Step-by-Step Guide To Implement Machine Learning I - KNN

Ryukkkk

2.25/5 (5 votes)

May 4, 2019

CPOL

2 min read

7595

Easy to implement machine learning

Introduction

K-nearest neighbors(KNN) is a simple machine learning algorithm, the principle of which is to calculate the distance between the test object and the training set. Then, the object in training set is selected by the distances to add to a K-NN set until the K-NN set includes a predefined number of nearest neighbors, which can be expressed as:

$y = argmax\sum_{x_{j}\in N_{k}}^{k}{I(y_{i}=c_{i})}$

where $N_{k}$ is the KNN set, $I$ is given by:

$I(x)= \begin{cases} 0,& \text{if x is true}\\ 1,& \text{else} \end{cases}$

KNN Model

KNN model consists of distance calculation, select K and classify.

Distance Calculation

Distance is used to measure the similarity between two objects in the feature space. There are many methods to calculate distance between two objects, such as Euclidean distance, Cosine distance, Edit distance, Manhattan distance, etc. The simplest method is Euclidean distance, which is calculated as:

$L_{2}(x_{i},x_{j})=\left( \sum_{l=1}^{n}{|x_{i}^{(l)}-x_{j}^{(l)}|^{2}}\right)^\frac{1}{2}$

where n is the feature dimension.

Because the different scales of feature value, the bigger value has more effect on the distance. Thus, all the features need to be normalized. Specifically, there are two normalization methods. One is min-max normalization, which is given by:

$x'=\frac{x-min(x)}{max(x)-min(x)}$

    def Normalization(self, data):
        # get the max and min value of each column
        minValue = data.min(axis=0)
        maxValue = data.max(axis=0)
        diff = maxValue - minValue
        # normalization
        mindata = np.tile(minValue, (data.shape[0], 1))
        normdata = (data - mindata)/np.tile(diff, (data.shape[0], 1))
        return normdata

The other is z-score normalization, which is given by:

$x'=\frac{x-\mu}{\sigma}$

where $\mu$ is the mean of $x$ and $\sigma$ is the standard deviation of $x$ .

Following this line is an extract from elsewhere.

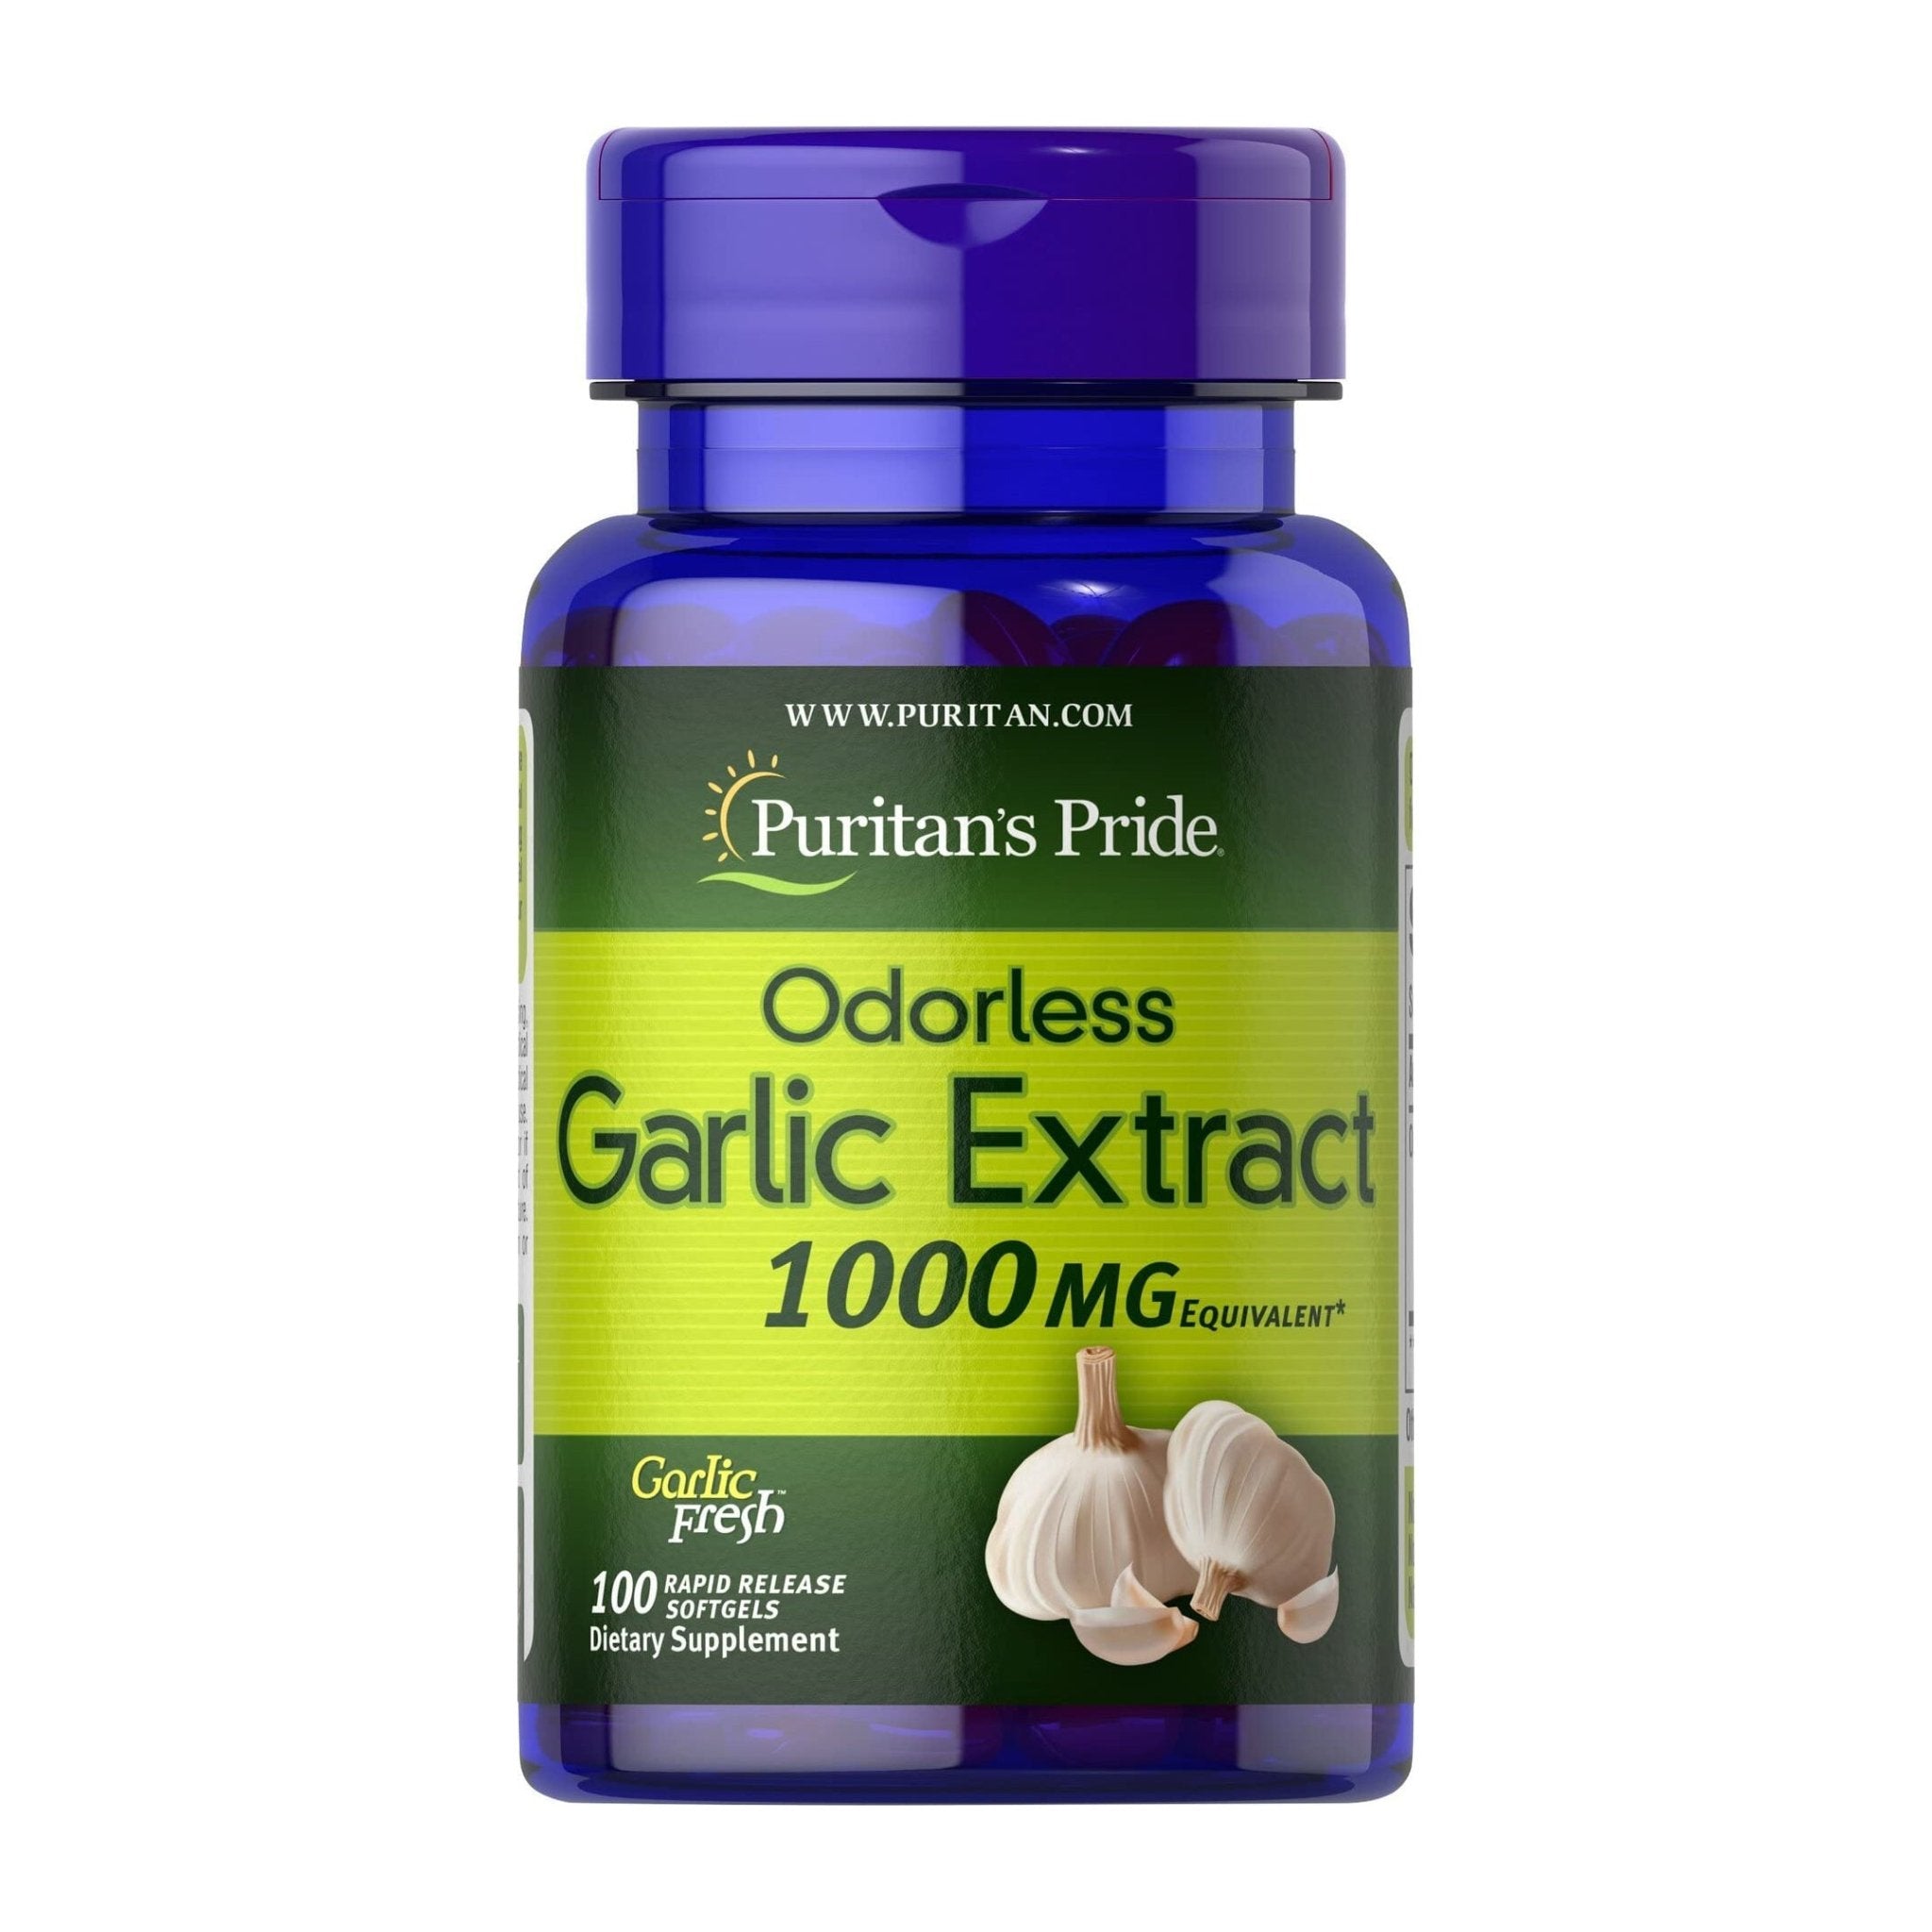 Puritan’s Pride Odorless Garlic Extract 1000mg - 100 Tablet - Bloom Pharmacy
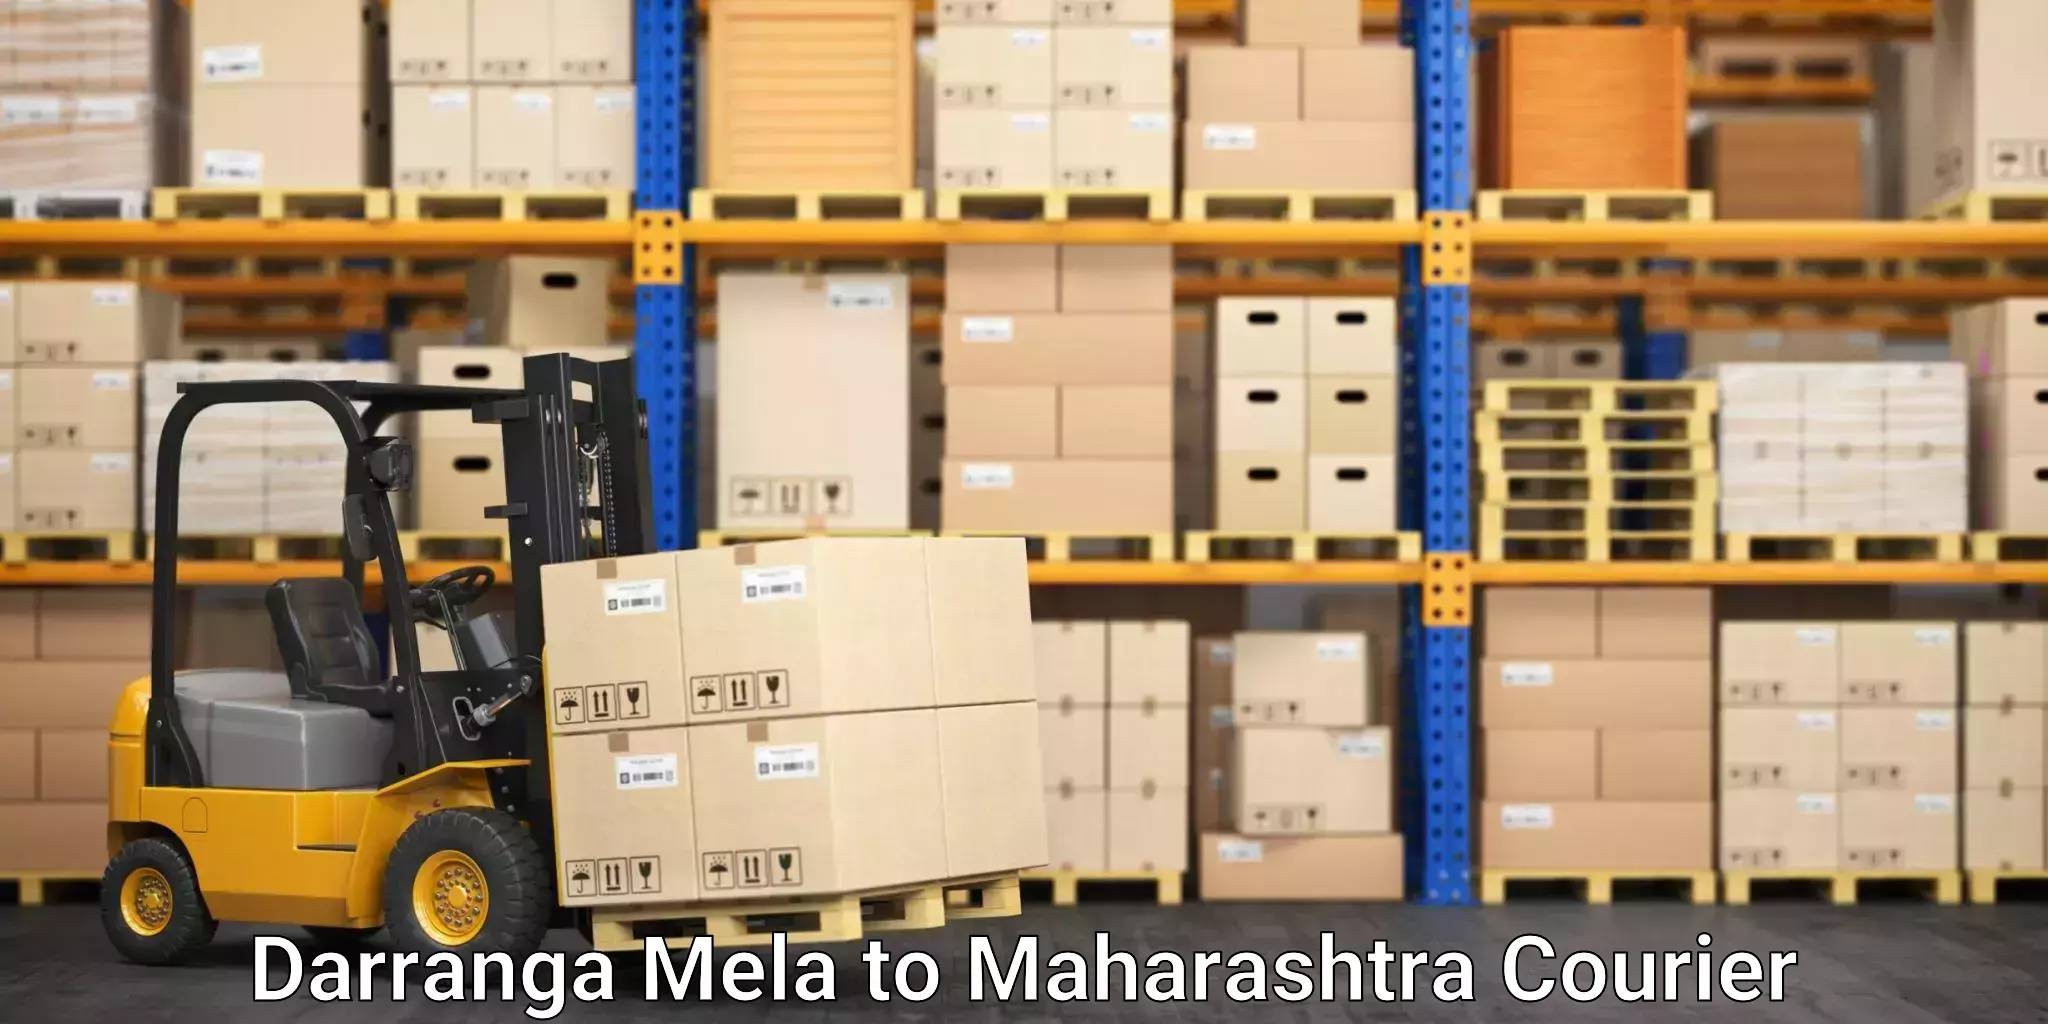 Efficient cargo services Darranga Mela to Lonavala

    def Standardization(self, data):
        # get the mean and the variance of each column
        meanValue = data.mean(axis=0)
        varValue = data.std(axis=0)
        standarddata = (data - np.tile(meanValue, 
                       (data.shape[0], 1)))/np.tile(varValue, (data.shape[0], 1))
        return standarddata

After normalization, the code of Euclidean distance is shown below:

train_num = train_data.shape[0]
# calculate the distances
distances = np.tile(input, (train_num, 1)) - train_data
distances = distances**2
distances = distances.sum(axis=1)
distances = distances**0.5

Select K

If we select a small K, the model is learned with a small neighbor which will lead to small "approximate error" while large "estimate error". In a word, small K will make the model complex and tend to overfit. On the contrary, if we select a large K, the model is learned with a large neighbor which will lead to large "approximate error" while small "estimate error". In a word, large K will make the model simple and tend to large computation.

Classifiy

After determine K, we can utilize vote for classification, which means the minority is subordinate to the majority, whose code is shown below:

disIndex = distances.argsort()
labelCount = {}
for i in range(k):
    label = train_label[disIndex[i]]
    labelCount[label] = labelCount.get(label, 0) + 1
prediction = sorted(labelCount.items(), key=op.itemgetter(1), reverse=True)
label = prediction[0][0]

In the above code, we first use argsorts() to get the ordered index, then count each kind of label in the first K samples, finally labelCount is sorted to get the label with the most votes, which is the prediction for the test object. The whole prediction function is shown below:

def calcuateDistance(self, input_sample, train_data, train_label, k):
        train_num = train_data.shape[0]
        # calculate the distances
        distances = np.tile(input, (train_num, 1)) - train_data
        distances = distances**2
        distances = distances.sum(axis=1)
        distances = distances**0.5

        # get the labels of the first k distances
        disIndex = distances.argsort()
        labelCount = {}
        for i in range(k):
            label = train_label[disIndex[i]]
            labelCount[label] = labelCount.get(label, 0) + 1

        prediction = sorted(labelCount.items(), key=op.itemgetter(1), reverse=True)
        label = prediction[0][0]
        return label

Conclusion and Analysis

KNN is implemented by linear traverse in this articles. However, there exists more effective method for KNN, like kd tree. Moreover, it is valid to apply cross-validation to get a more suitable K. Finally, let's compare our KNN with the KNN in Sklearn and the detection performance is displayed below.

Form the figure, we can learn that the KNN in this article is better than sklearn knn in terms of accuracy. The runtime is nearly the same.

The related code and dataset in this article can be found in MachineLearning.